In all proposed exercises, the remainder is zero, confirming that the divisor is an exact factor of the polynomial.
Exercise 11
\[ (x^3 - x^2 - 14x + 24) : (x - 3) \]
Result
\[ x^2 + 2x - 8 \]
Solution
\(x=3\)
\[ \begin{array}{r|rrrr} 3 & 1 & -1 & -14 & 24 \\ & & 3 & 6 & -24 \\ \hline & 1 & 2 & -8 & 0 \end{array} \]
Exercise 12
\[ (x^3 - 4x^2 - 7x + 10) : (x + 2) \]
Result
\[ x^2 - 6x + 5 \]
Solution
\(x=-2\)
\[ \begin{array}{r|rrrr} -2 & 1 & -4 & -7 & 10 \\ & & -2 & 12 & -10 \\ \hline & 1 & -6 & 5 & 0 \end{array} \]
Exercise 13
\[ (3x^3 - 5x^2 - 4x + 4) : (x - 2) \]
Result
\[ 3x^2 + x - 2 \]
Solution
\(x=2\)
\[ \begin{array}{r|rrrr} 2 & 3 & -5 & -4 & 4 \\ & & 6 & 2 & -4 \\ \hline & 3 & 1 & -2 & 0 \end{array} \]
Exercise 14
\[ (x^3 + 5x^2 + 2x - 8) : (x + 4) \]
Result
\[ x^2 + x - 2 \]
Solution
\(x=-4\)
\[ \begin{array}{r|rrrr} -4 & 1 & 5 & 2 & -8 \\ & & -4 & -4 & 8 \\ \hline & 1 & 1 & -2 & 0 \end{array} \]
Exercise 15
\[ (2x^3 - 9x^2 + 7x + 6) : (x - 3) \]
Result
\[ 2x^2 - 3x - 2 \]
Solution
\(x=3\)
\[ \begin{array}{r|rrrr} 3 & 2 & -9 & 7 & 6 \\ & & 6 & -9 & -6 \\ \hline & 2 & -3 & -2 & 0 \end{array} \]
Exercise 16
\[ (x^3 - 7x + 6) : (x - 1) \]
Result
\[ x^2 + x - 6 \]
Solution
Coefficient nul à inclure : \[ 1 \quad 0 \quad -7 \quad 6 \]

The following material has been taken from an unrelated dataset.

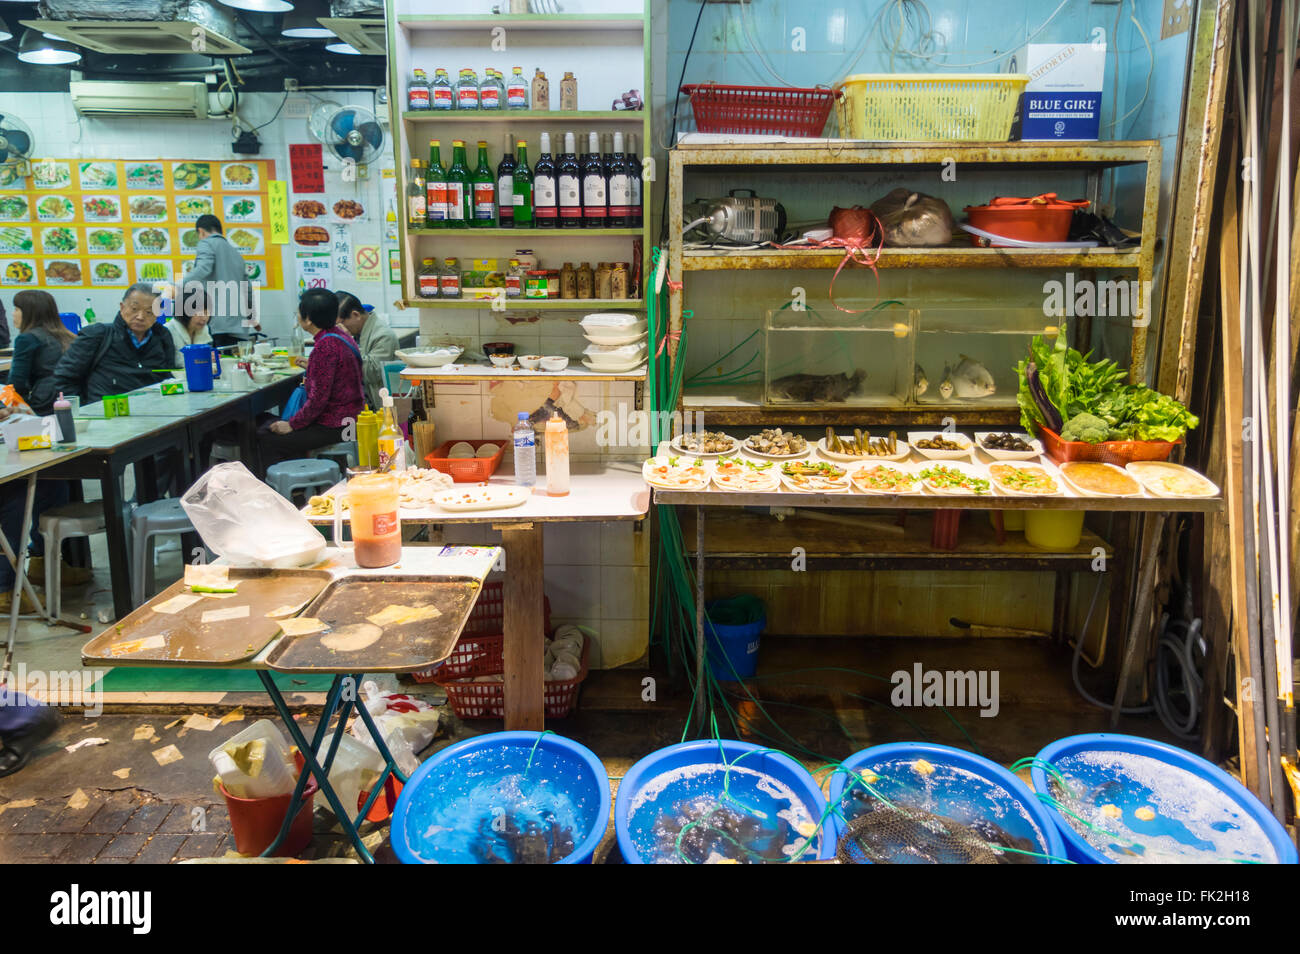 Meeresfrüchte in Eimern und Becken ein einfaches Restaurant in Yau Ma Tei, Kowloon, Hong Kong, in der Nacht zu leben. Stockfoto

\[ \begin{array}{r|rrrr} 1 & 1 & 0 & -7 & 6 \\ & & 1 & 1 & -6 \\ \hline & 1 & 1 & -6 & 0 \end{array} \]
Exercise 17
\[ (x^3 - 2x^2 - 9x + 18) : (x + 3) \]
Result
\[ x^2 - 5x + 6 \]
Solution
\(x=-3\)
\[ \begin{array}{r|rrrr} -3 & 1 & -2 & -9 & 18 \\ & & -3 & 15 & -18 \\ \hline & 1 & -5 & 6 & 0 \end{array} \]
Exercise 18
\[ (2x^3 + x^2 - 13x + 6) : (x + 3) \]
Result
\[ 2x^2 - 5x + 2 \]
Solution
\(x=-3\)
\[ \begin{array}{r|rrrr} -3 & 2 & 1 & -13 & 6 \\ & & -6 & 15 & -6 \\ \hline & 2 & -5 & 2 & 0 \end{array} \]
Exercise 19
\[ (x^3 + x^2 - 5x + 3) : (x - 1) \]
Result
\[ x^2 + 2x - 3 \]
Solution
\(x=1\)
\[ \begin{array}{r|rrrr} 1 & 1 & 1 & -5 & 3 \\ & & 1 & 2 & -3 \\ \hline & 1 & 2 & -3 & 0 \end{array} \]
Exercise 20
\[ (3x^3 + 2x^2 - 7x + 2) : (x - 1) \]
Result
\[ 3x^2 + 5x - 2 \]
Solution
\(x=1\)
\[ \begin{array}{r|rrrr} 1 & 3 & 2 & -7 & 2 \\ & & 3 & 5 & -2 \\ \hline & 3 & 5 & -2 & 0 \end{array} \]
Final Remark
In all exercises, the remainder is zero. Therefore, each divisor is an exact factor of the corresponding polynomial.
Synthetic division provides a fast and reliable method to compute the quotient and to identify polynomial factorizations.